Here are the wines that stood out across all categories:
  • 2006 Domain Jomain Batard Montrachet Grand Cru - incredible!!! $$$$
  • 2008 Domaine de la Fouquette Cotes de Provence Cuvee Rosee d'Aurore - nice!
  • Mouton Condrieu Cote Bonnette 2006 - my oh my! $$
  • Domaine Vallet Saint Joseph Rouge 2005 Cuvee des Muletiers - raw meat!
  • Domaine Jean-Michel Stephan Cote Rotie Vieille Vignes 2006 - refined! $$$
  • Domaine Escaravailles Cotes du Rhone Les Sablieres 2007 - good!
  • Domaine Escaravailles Rasteau La Ponce 2006 - cakey!
  • Domaine de Villeneuve Chateauneuf-du-Pape Vieilles Vignes 2006 - plush!
  • Domaine Salettes Bandol Rouge 2004 - great mouvedre!
  • Pierre Usseglio 2007 Cotes du Rhone - nice!
  • Cuvee du Vatican Chateauneuf-du-Pape Reserve Sixtine 2007 - good! $$
  • Le Vieux Donjon Chateauneuf-du-Pape 2007 - good! $$
  • Mas De Boislauzon Chateauneuf-du-Pape Tradition 2007 - elegant!
  • Pierre Usseglio & Fils Chateauneuf-du-Pape Tradition 2007 - balanced! $$
  • Pierre Usseglio & Fils Chateauneuf-du-Pape "Cuvee de Mon Aieul" 2007 - classic! $$$
  • Chateau Fortia Chateauneuf-du-Pape Reserve 2007 - flavorful!
  • Grand Veneur Chateauneuf-du-Pape Blanc "La Fontaine" 2008 - sharp! $$
  • Segries Cotes du Rhone "Clos de l'Hermitage" 2007 - nice!
  • Segries Lirac Cuvee Reserve 2007 - tasty!

Usseglio was classic Southern Rhone. Aside from super-concentrated Rhones, there was a nice representation of delicious Rosés from subtle Cote de Provence and Bandol to the heavier Tavel. But in the end, it was the majestic Batard Montrachet white Burgundy grand cru that made me delirious. If you can afford it, more power to you! If not, there are plenty of other selections to impress your palate. Ask your favorite wine shop. You know what mine is.

Monday, March 2, 2009

Mapo Tofu, Spicy Tomato Fish and Riesling

Those who read this blog know how much I enjoy the pairing of spicy Sichuan cuisine and Riesling. While some perhaps find it typical, and even boring(!!!) and take it for granted as they explore more adventurous combinations, last night once again reminded me of what deliciousness is all about - when you join authentic Asian cooking with a high-quality German Riesling.
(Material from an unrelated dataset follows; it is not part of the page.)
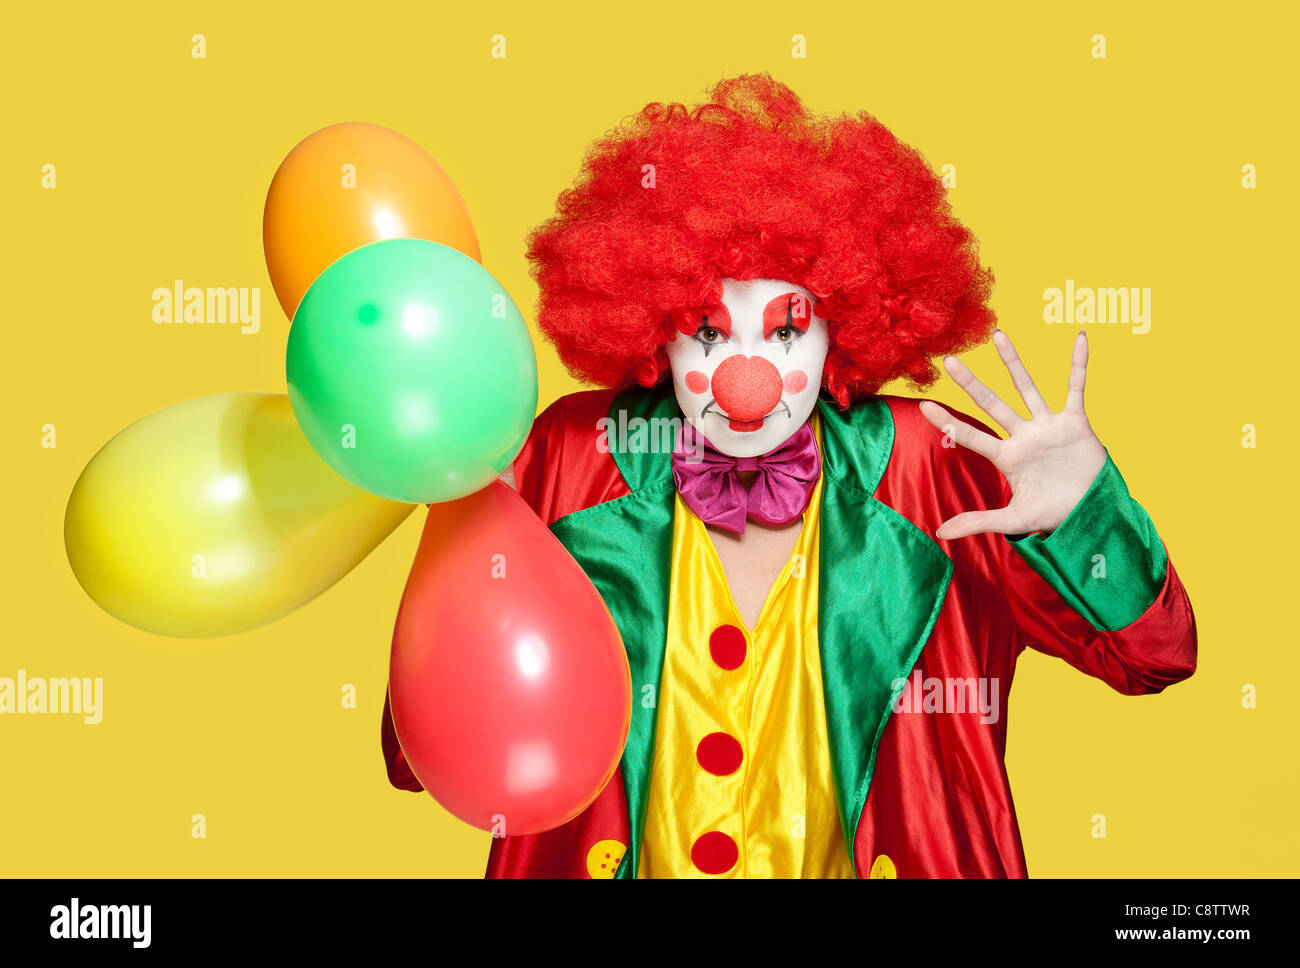 Un clown féminin avec des vêtements colorés et un miroir Banque D'Images

I am not a German nor a Chinese, yet every time I lean on those pair of friends, it feels like home. If anyone is still not doing this, DO they MUST!

Wine: 2004 Dönnhoff Riesling Kabinett - Germany, Nahe. Cost: $20.
Food: Mapo Tofu (silky tofu, ground pork, chili and bean sauce, scallions, fresh roasted sichuan peppercorns) and Spicy Tomato Fish (basa fish fillet, Chinese cooking wine, ginger, tomato, roasted chili peppers, sichuan peppercorns). Cost: $10.
Pairing: Priceless.

Though I had a number of Riesling disappointments in the recent past, this time the wine was excellent. At only 9% alcohol, the two of us finished the whole bottle. It was a quintessential Riesling - perfectly balanced with fruit, acidity, minerality, and petrol. Not unique, but very enjoyable, and at $20 a bottle well worth it. Kabinett (slightly sweet), but pleasantly so due to mouth-cleansing counter-effects of acidity. It comes from the region of Nahe, in Germany - a lesser known wine region than other German regions such as Mosel, Rheingau, Rheinhessen, and Pfalz - but I continue to be impressed by the lesser-known Nahe. The dishes were very spicy, enough so that I thought a Spatlese rather than Kabinett Riesling could have been a slightly better match.

Each time I think of mouth-watering Sichuan cuisine, my stomach begs my mind for Riesling. Before I know it, my mind makes my body to the cellar where my pet Rieslings look more inviting than diamonds. Some may call it foolishness - I call it love!